Как всегда, судили привередливо – что можно, чего нельзя искусству. Само слово «натурализм» еще не было в ходу. Но все оттенки чрезмерной – по старым вкусам – реальности, откровенности на подмостках высматривались и преследовались критикой театральных «старожилов» и «знатоков». Начинали с мелочей.
Даже А. Н. Баженов, тонкий критик и присяжный театрал, возмутился пением соловья в спектакле «Воспитанница» и в саркастических стихах выразил опасение, как бы подобный натурализм не захлестнул сцену и на нее не перенесли со временем кваканье лягушек и собачий вой: «Это все правдиво, верно, но пойми, для сцены скверно»[488]
. (Спустя сорок лет в чеховских спектаклях Художественного театра иронически предсказанный Баженовым опыт был осуществлен.)Новый уровень реальности, заимствованный Островским из практики современной ему прозы, лирическая обнаженность, подсказанная поэзией, еще долго не давали покоя защитникам старых театральных канонов.

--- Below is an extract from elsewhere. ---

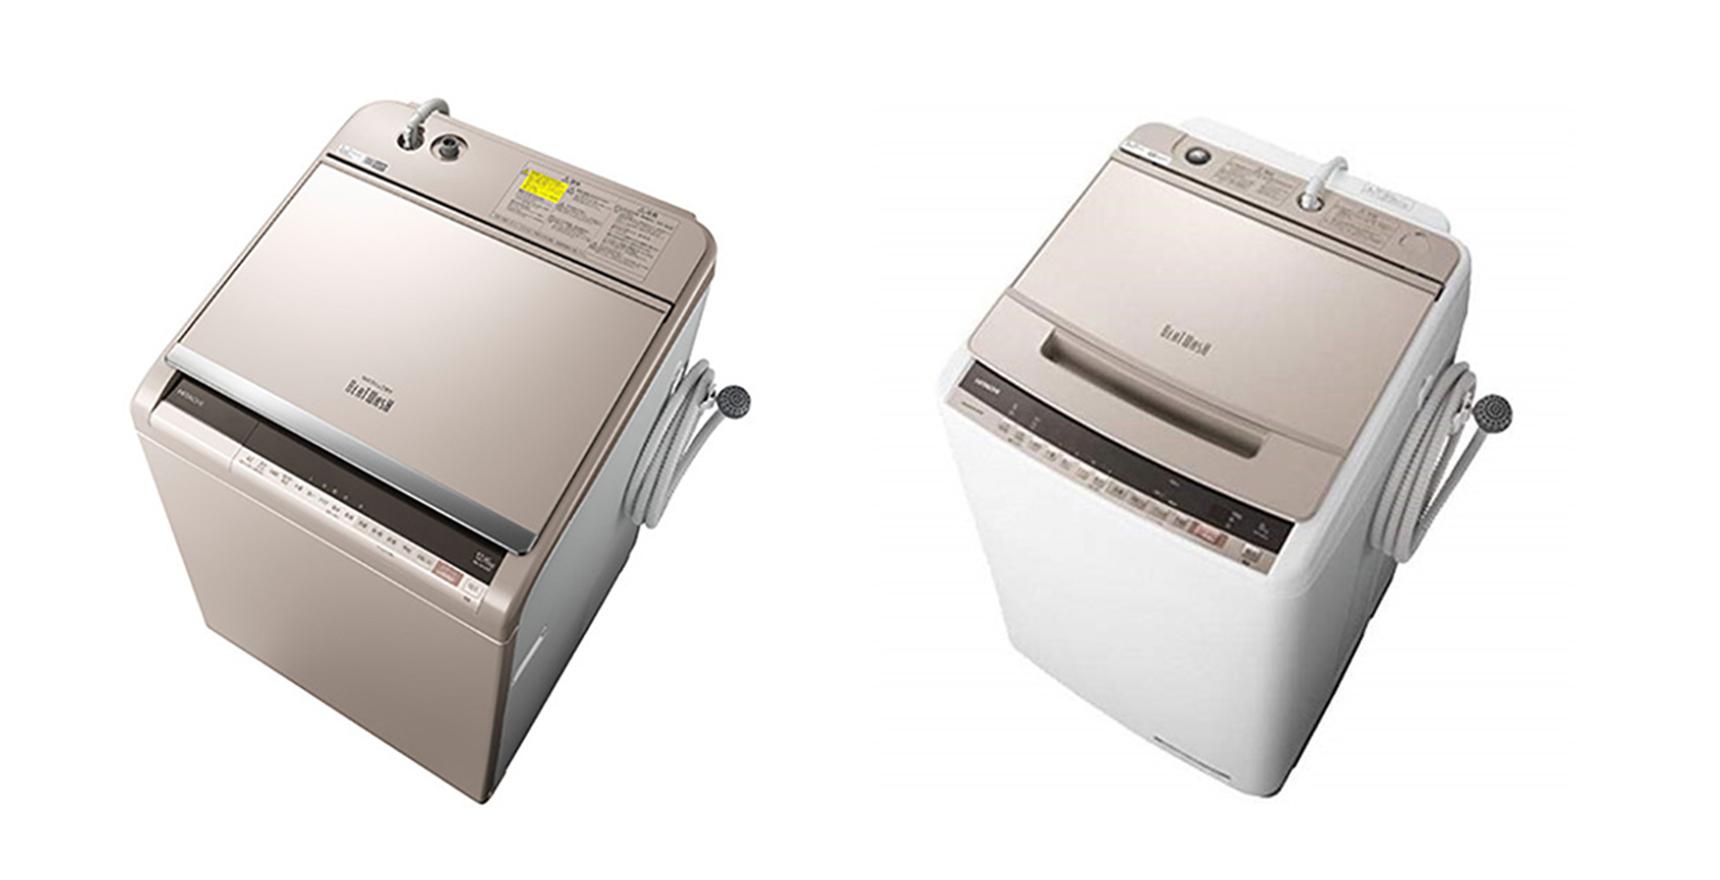 HITACHI(日立)の洗濯機

Тайное свидание в «Грозе», в котором чудилось дыхание жаркой ночи, любовный шепот, соловьиные песни в кустах шокировали своей откровенностью. К изображению любви на сценических подмостках ханжеский вкус был всегда особенно нетерпим. Еще недавно ночная беседа Софьи и Молчалина в «Горе от ума» казалась столь мало приличной, что актриса Самойлова отказалась от роли. Что ж говорить о сцене в овраге?
Когда государыня Мария Александровна пожелала видеть «Грозу» в Александринском театре, начальство растерялось.
«Перед началом спектакля директор театров А. И. Сабуров, – пишет Горбунов, – бегал, суетился, что-то приказывал и наконец спросил, какая пойдет пьеса? Ему отвечали: “Гроза” Островского.
– Пожалуйста, чтобы не глязная (он не выговаривал буквы “р”), – важно заметил он режиссеру.
Пьеса уже прошла две цензуры: одну для печати – строгую, другую для представления на сцене – строжайшую. И под обоими цензурными микроскопами в ней ничего не найдено. Но режиссер, вследствие замечания начальства, посмотрел еще раз в свой микроскоп, увеличивающий в большее число раз, чем цензурные микроскопы, и вынул из пьесы три фразы и изменил одну сцену»[489]
. Горбунов сцены этой не назвал, но из другого источника мы знаем, что это была сцена свидания. «Некоторые, – рассказывает актриса Шуберт, – находили, что она неприлична. Придумали, чтобы обе пары… не уходили за кулисы, а оставались у публики на виду, так что и императрица выразилась: “Ничего тут нет неприличного!”»[490].